» Task requirements
Search the data below for the line containing "Le magnifique plateau", then please set down that line and all remaining ones exactly as written.

» Data provided
########################################

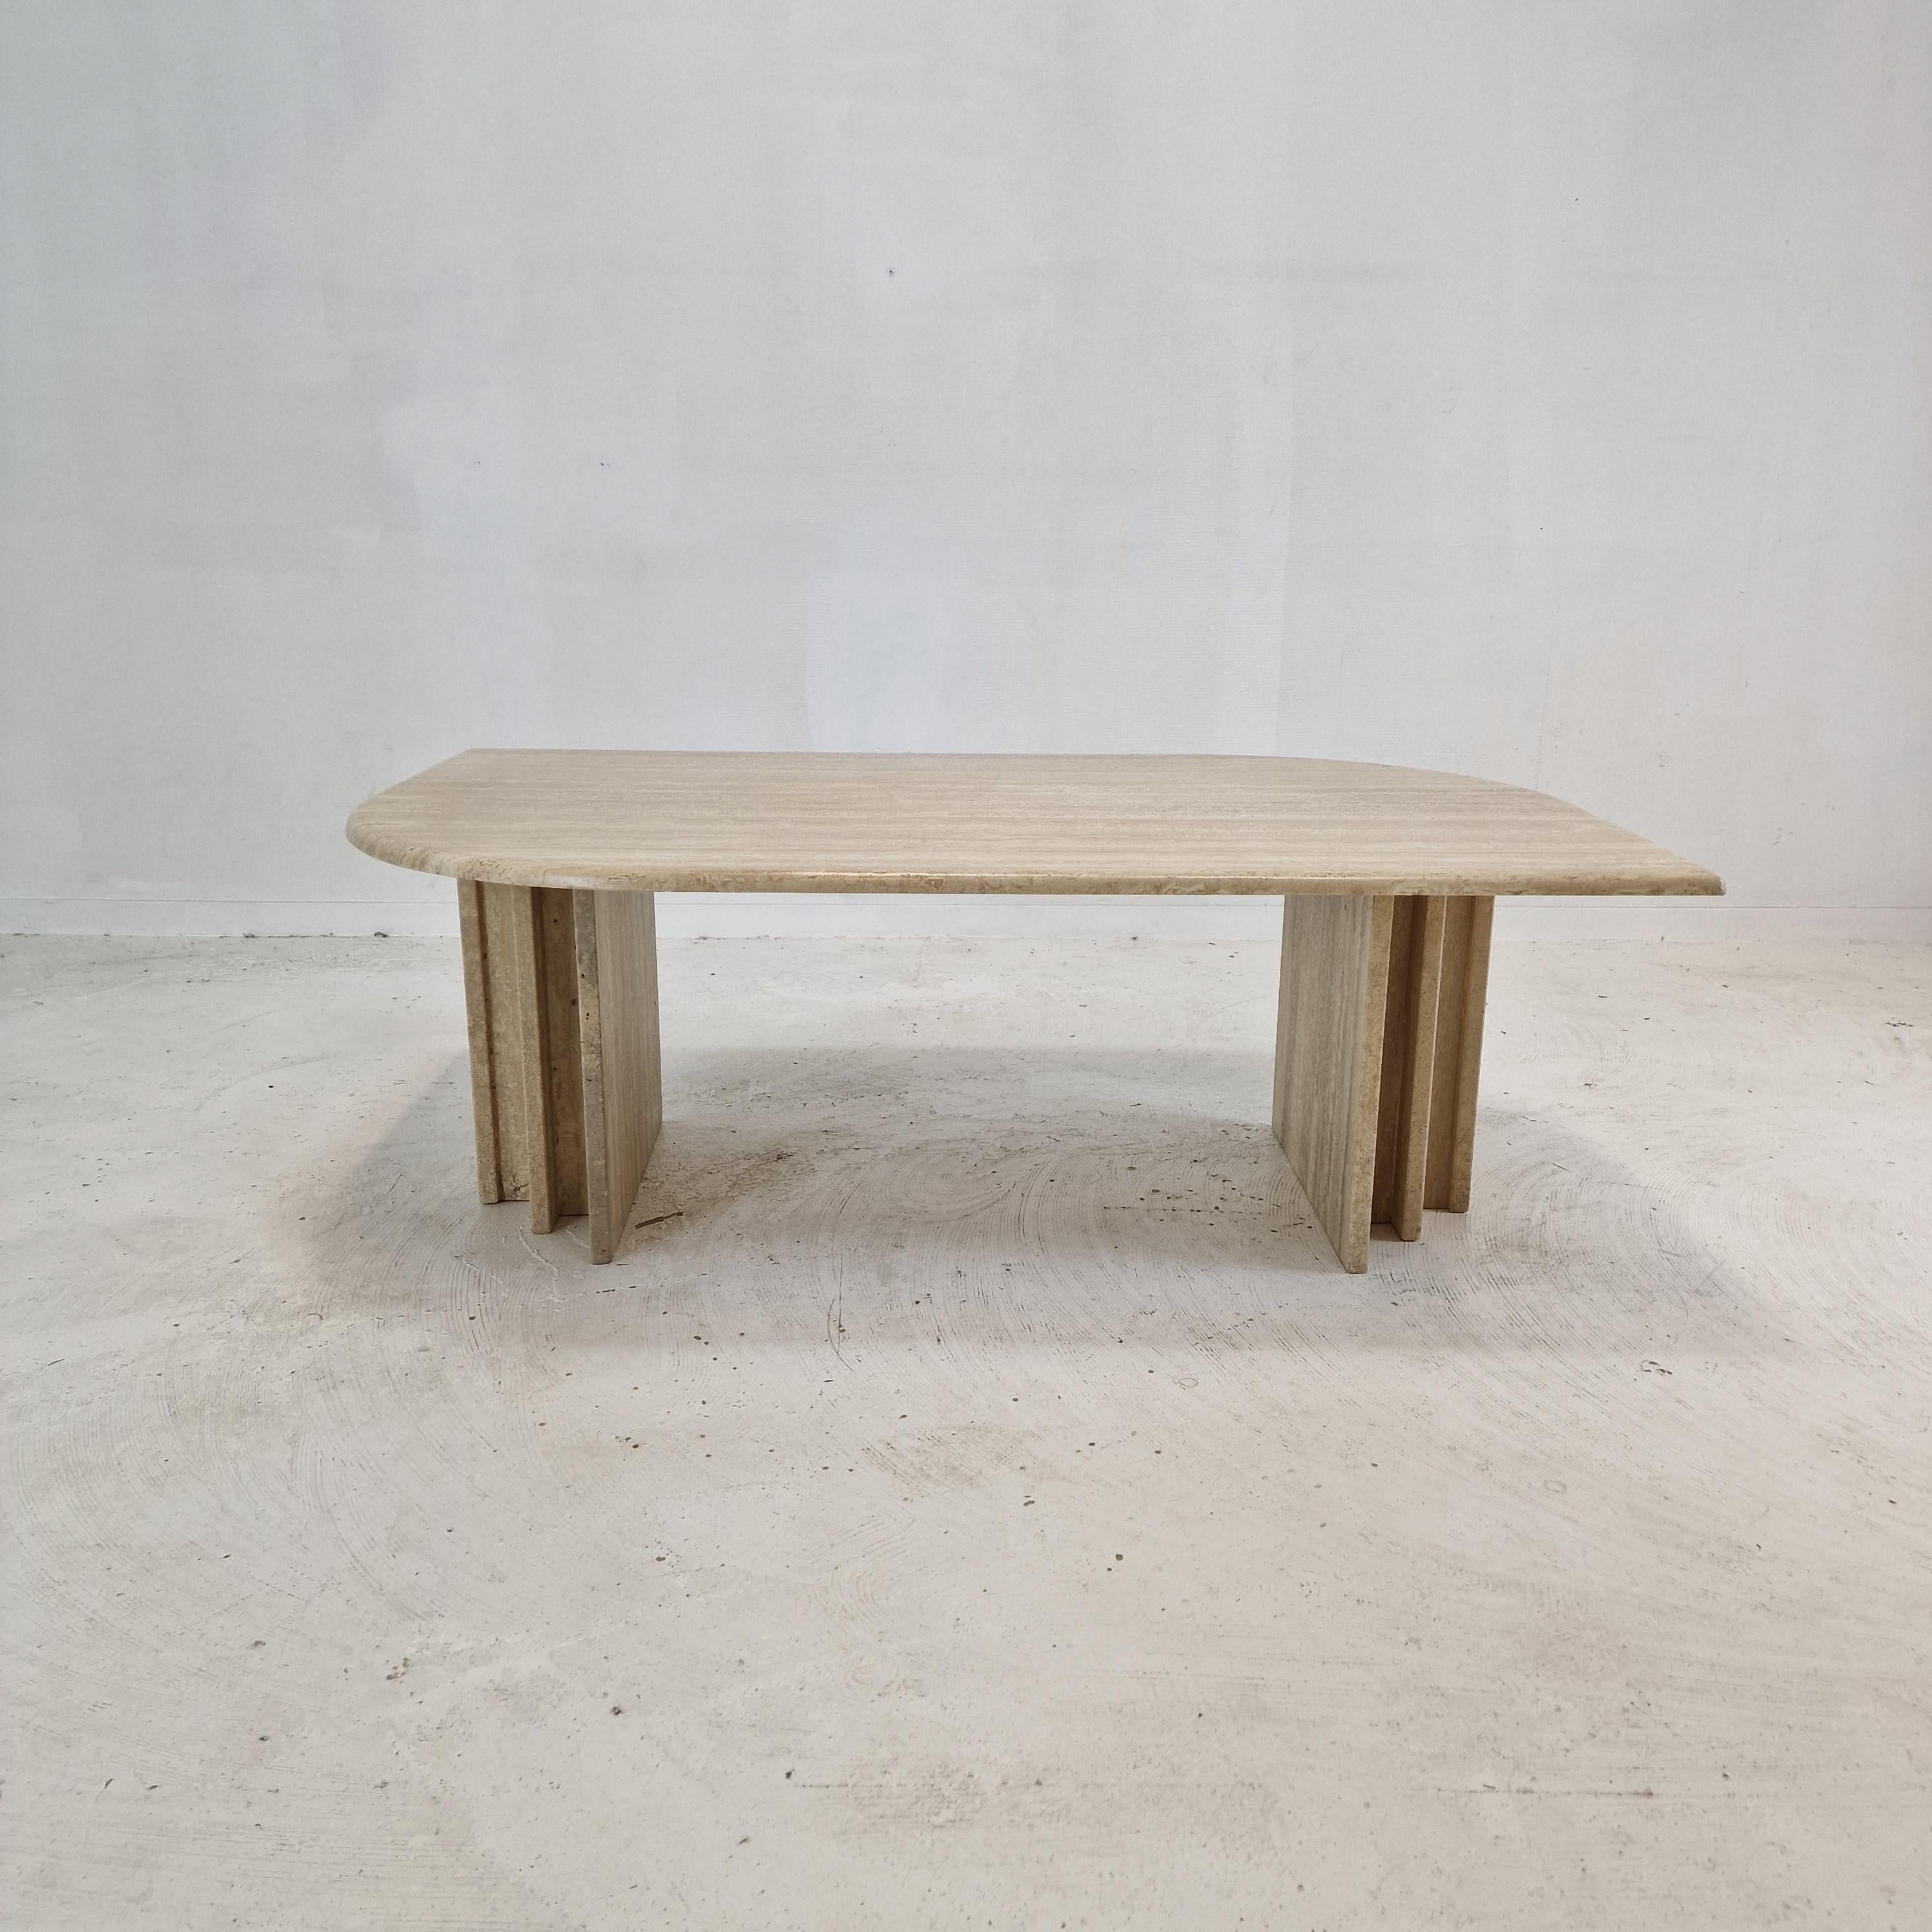 Très élégante table basse italienne fabriquée à la main en travertin.

Le magnifique plateau en forme de rectangle est arrondi sur le bord. 
Il est fait d'un magnifique travertin.

La base est composée de deux pièces séparées, il est possible de

########################################

» Solved exercise
Le magnifique plateau en forme de rectangle est arrondi sur le bord. 
Il est fait d'un magnifique travertin.

La base est composée de deux pièces séparées, il est possible de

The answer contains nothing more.